Give back the whole listing exactly as written, pictures excluded.

DATA FOR THIS EXERCISE Start Marker

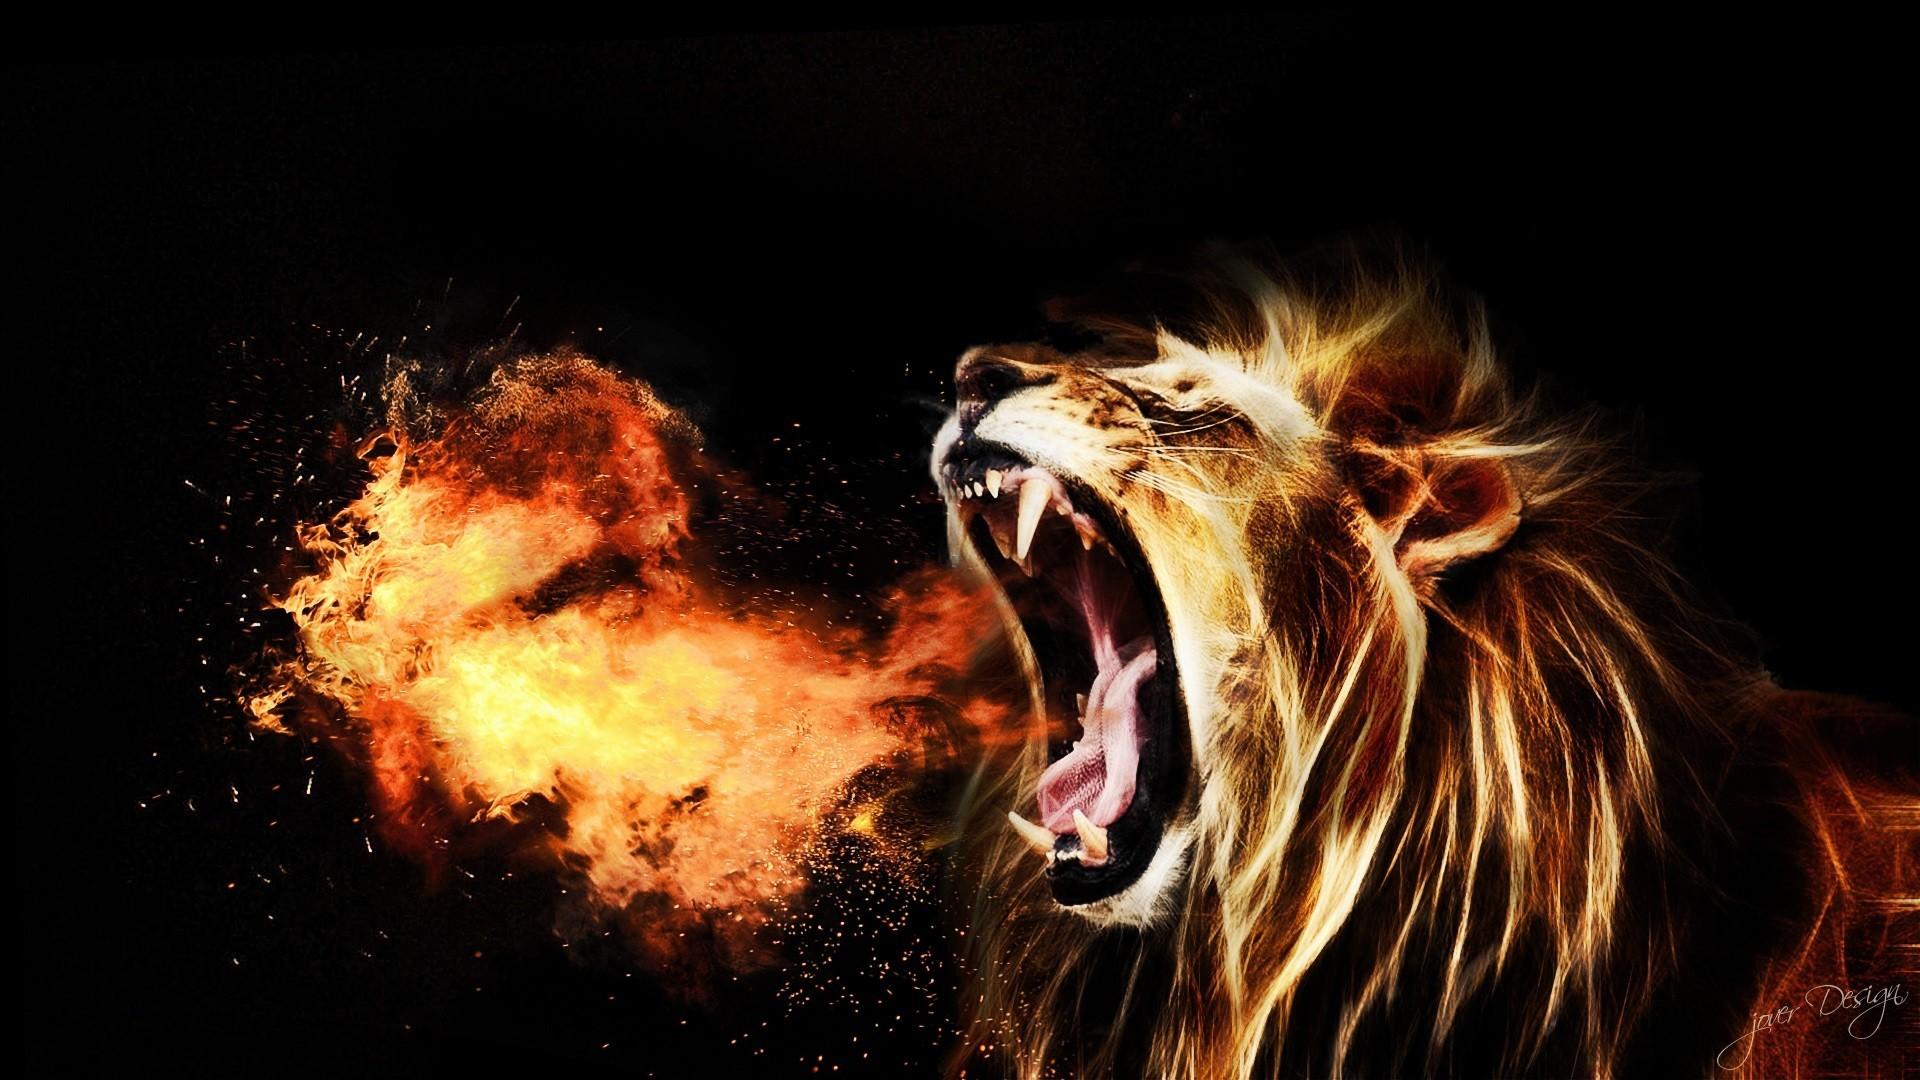 Wallpaper Lion Roar Hd Wallpaper: Lion Of Judah Wallpaper ·① WallpaperTag
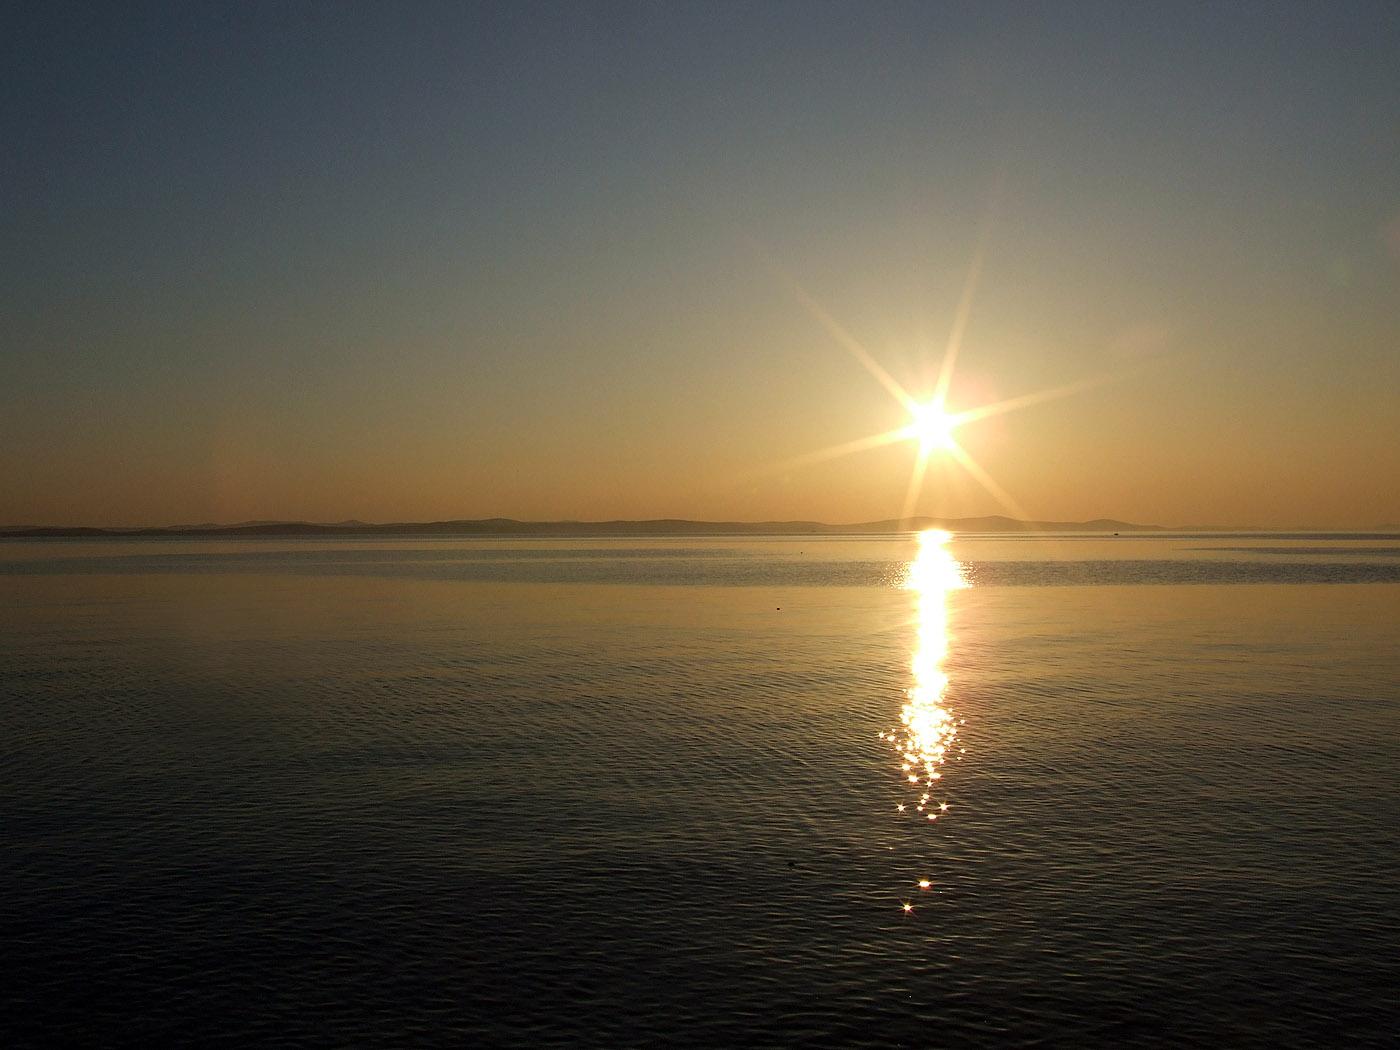 Sonnenuntergang Am Meer Kostenloses Hintergrundbild
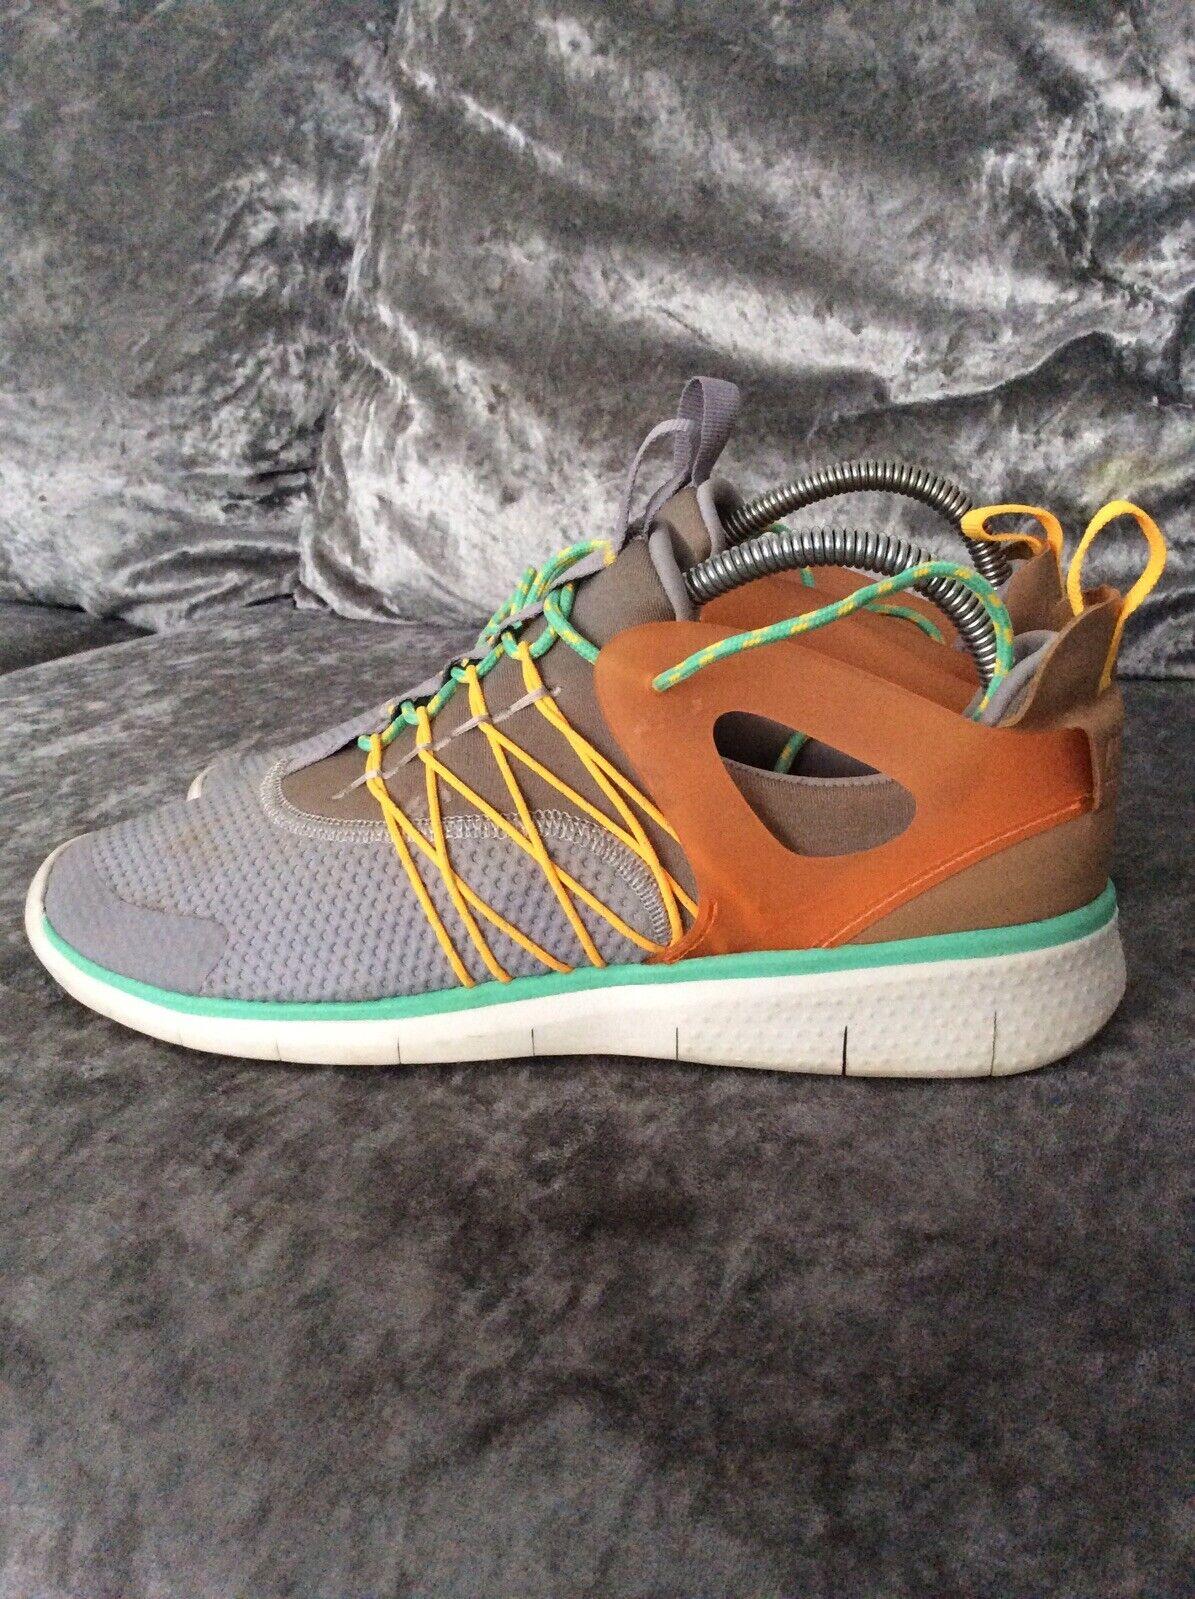 Femme Nike Free Viritous Gris Orange Baskets 725060 003 UK Taille 6 Très bon état
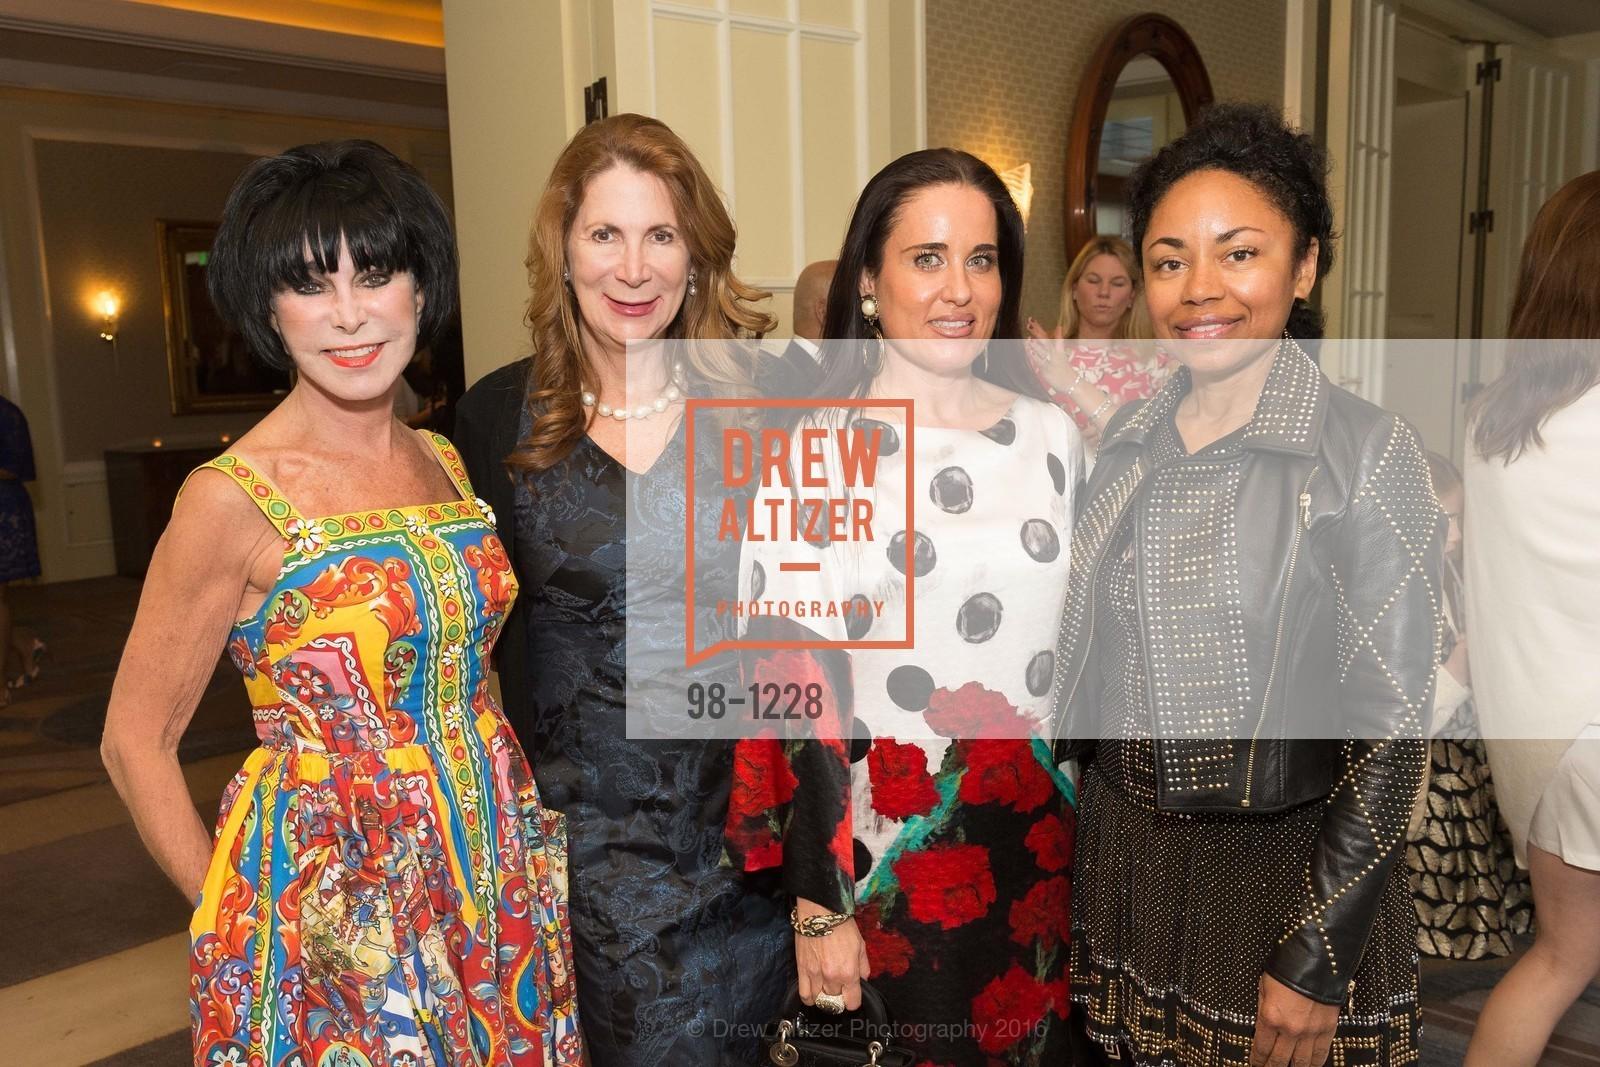 Marilyn Cabak, Patricia Ferrin Loucks, Natalia Urrutia, Tanya Powell, Photo #98-1228
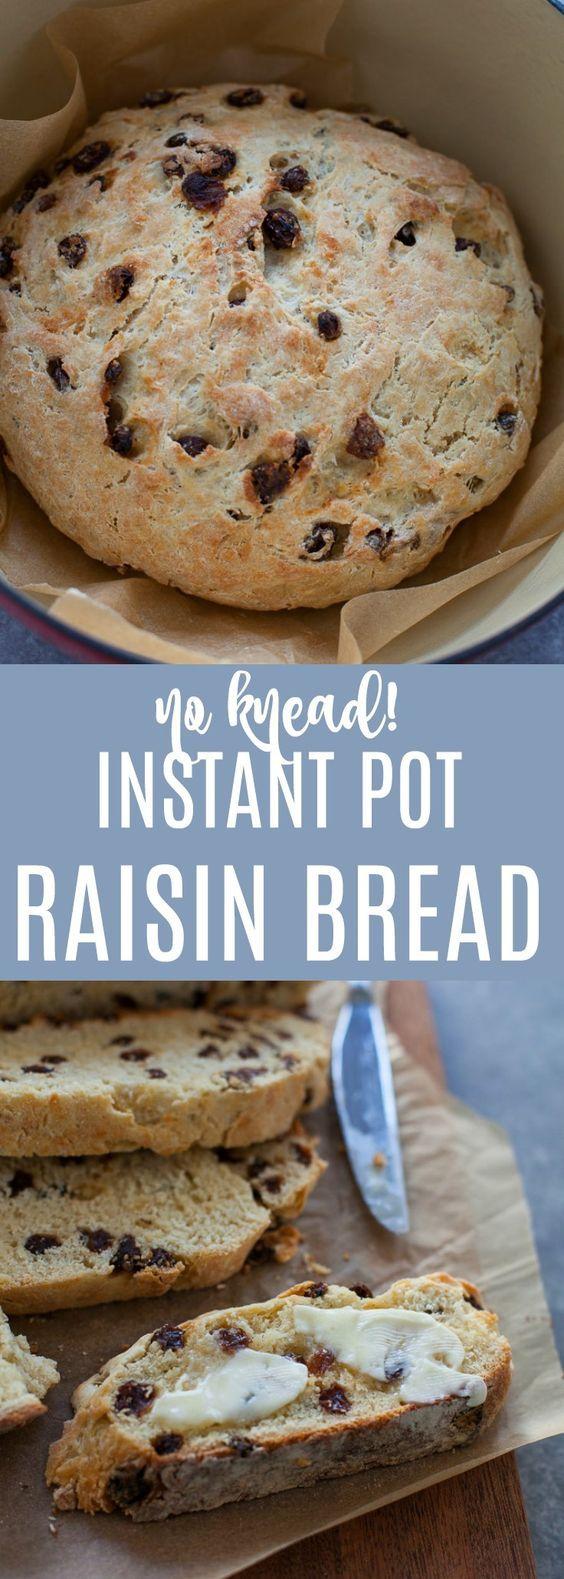 Instant Pot Raisin Bread
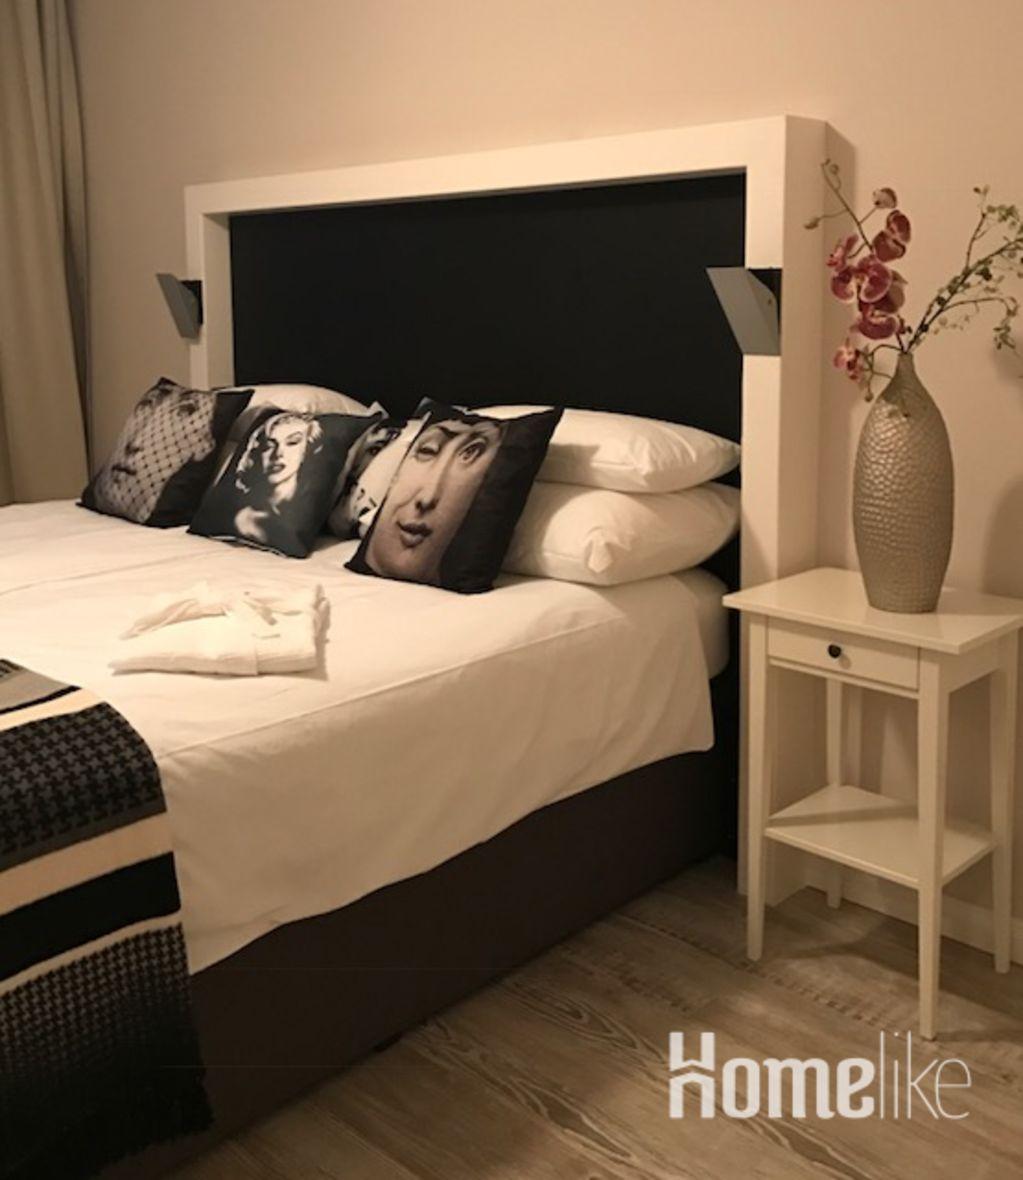 image 9 furnished 1 bedroom Apartment for rent in Kelkheim, Main-Taunus-Kreis

DATA FOR THIS EXERCISE End Marker

YOUR RESPONSE =>
 Wallpaper Lion Roar Hd Wallpaper: Lion Of Judah Wallpaper ·① WallpaperTag
 Sonnenuntergang Am Meer Kostenloses Hintergrundbild
 Femme Nike Free Viritous Gris Orange Baskets 725060 003 UK Taille 6 Très bon état
 Marilyn Cabak, Patricia Ferrin Loucks, Natalia Urrutia, Tanya Powell, Photo #98-1228
 Instant Pot Raisin Bread
 image 9 furnished 1 bedroom Apartment for rent in Kelkheim, Main-Taunus-Kreis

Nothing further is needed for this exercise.